Women to Watch: Iris Ng
Filmmaking is a collaborative endeavour but we commemorate the final output by recognizing only a small number of people. We never fail to remember the directors, actors and the scriptwriters who pen quippy one-liners, but our collective memory excludes the many contributors hiding in plain sight. Cinematographers, for instance, have long collaborated with directors to create some of the most enduring images in film history—and yet we hardly know their names. Think of pairings like Maryse Alberti and Ryan Coogler, Wally Pfister and Christopher Nolan, Ellen Kuras and Michel Gondry, Robert Yeoman and Wes Anderson. Only half of these duos are real household names. Most recently, this manifested again with Moira Demos and Laura Ricciardi’s much-talked about Making a Murderer, which was shot by Iris Ng.
While the subject of the ten-part Netflix documentary—the corrupt inner workings of the American justice system—has gleaned countless thinkpieces, what’s largely gone unnoticed is the docuseries’ visuals. That is, Ng’s work in weaving 700 hours of footage, family photographs and court recordings together to suspend audiences in a temporal limbo, just like Steven Avery is throughout his trial. While the story unfolded in Manitowoc, Wisconsin, Demos and Manhardt worked closely with Ng to contextualize Avery’s present within that temporal framework. Sometimes it’s through interviews with his parents, who are bathed in the natural light of kitchen window. Oftentimes, it’s how sunlight is reflected off the cars strewn throughout the Avery lot, which is at once a crime scene and the family’s livelihood. It’s through these shots that Ng highlights what Avery is missing while he sits in a jail cell, awaiting trial: freedom to roam and beaming natural light.
This isn’t Ng’s first venture into welding different kinds of footage together. After graduating from York University’s Film and Video Production program with a background in still photography, she started shooting her first short film, Point of Departure (2008), in 16 mm, Super 8, and digital video. The use of Super 8 is one of Ng’s staples, as most of her work is shot in a combination of this medium and digital—literally connecting the past to the present in content and form. Throughout Point of Departure, Ng explores how memory and scattered familial ties challenge the power of family narratives, which would become reoccurring themes in her work.
From her feature-length films to smaller, experimental collaborations with the likes of Oliver Husain and Jean-Paul Kelly, where Ng excels most is by visualizing that act of recollecting. It’s easy to forget that remembering is a visualization too—sometimes the images are vivid enough to make us sure, and foggy enough to make us suspect. The way Ng confronts that hazy recollection is what seems to resonate the most with audiences. Indeed, it’s what drew Sarah Polley to Ng’s work, leading to their collaboration on Stories We Tell (2013).
The way Ng confronts that hazy recollection is what seems to resonate the most with audiences.

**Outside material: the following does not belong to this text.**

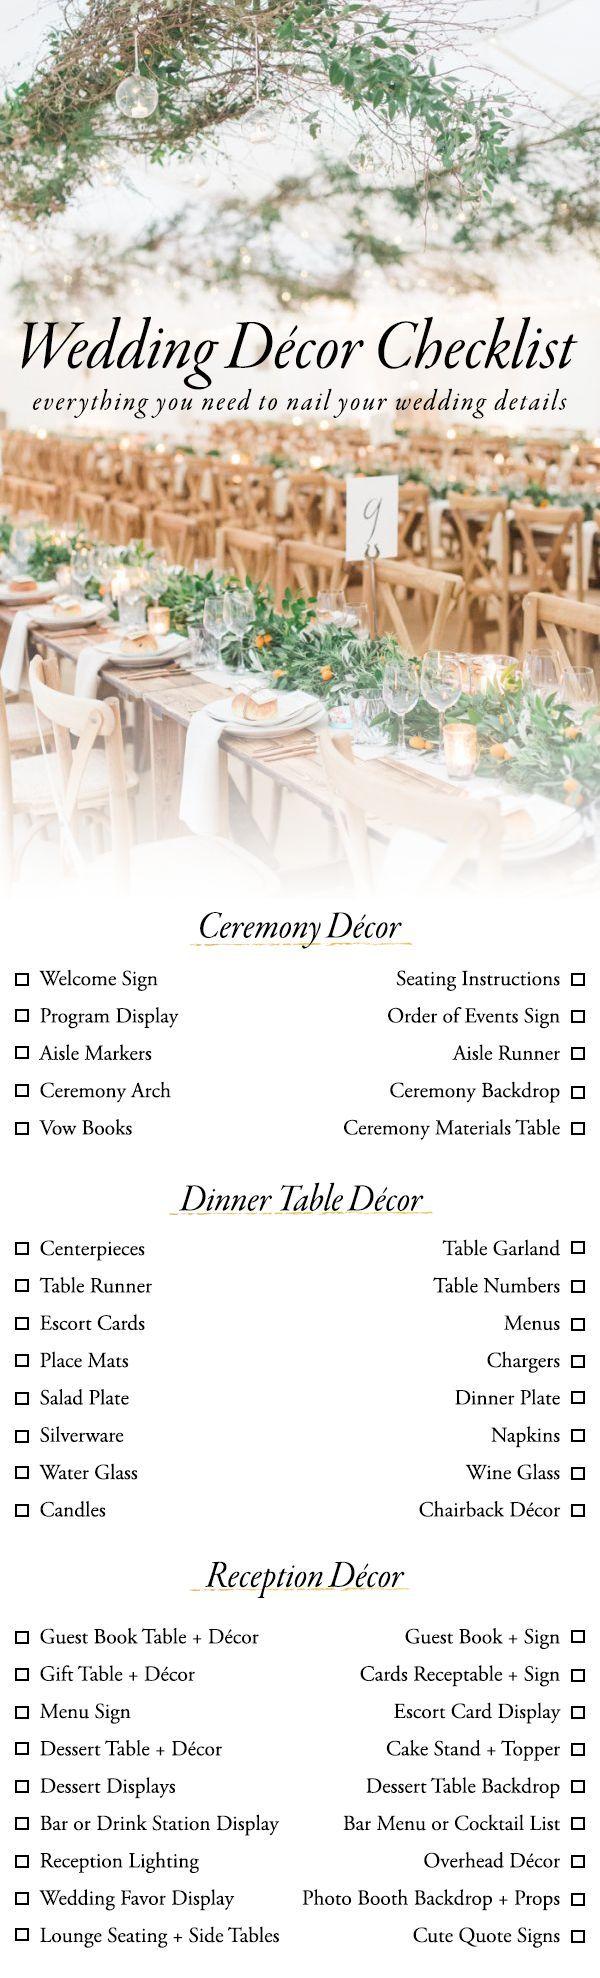 Use This Wedding Decor Checklist to Help You Nail Every Detail | Junebug  Weddings | Wedding planning, Wedding decorations, Backyard wedding

Polley’s much-celebrated documentary deals with storytelling and memory; or, specifically, Polley discovering the identity of her biological father. Toying with fact and fiction, just as memory toys with us, Polley chose to seamlessly stage home videos, never identifying what was “real” and imagined. Ng, then, had to make sure that the recreations of certain unrecorded events were closely matched to Polley’s existing home movies from thirty years ago. In order to achieve this effect, Ng scavenged for numerous cameras used in that era, either on Craigslist or through a network of other filmmakers, because the models had been discontinued. She also sought out sun guns to mount on the Super 8 cameras in order to flood the shots with light, lending them the grainy, bleached-out idiosyncrasies of the home movies. But Ng took it a step further by mimicking the amateurish way Polley’s father, Michael, handled the camera because, as Ng explained in Canadian Cinematographe, “when Michael Polley was operating the camera he would frequently pan away from the human subjects and shoot what was in the background, say a field or rooftop.”
In her hands, Ng doesn’t separate the real from the unreal, the past from the present/future. Instead, she shows us how to make peace with the mingling of it all within our own lives. One of our biggest fears is forgetting and yet through Ng’s lens, forgetting, like remembering isn’t necessarily a bad thing—it’s a starting point for either new memories, or the restoration of older ones.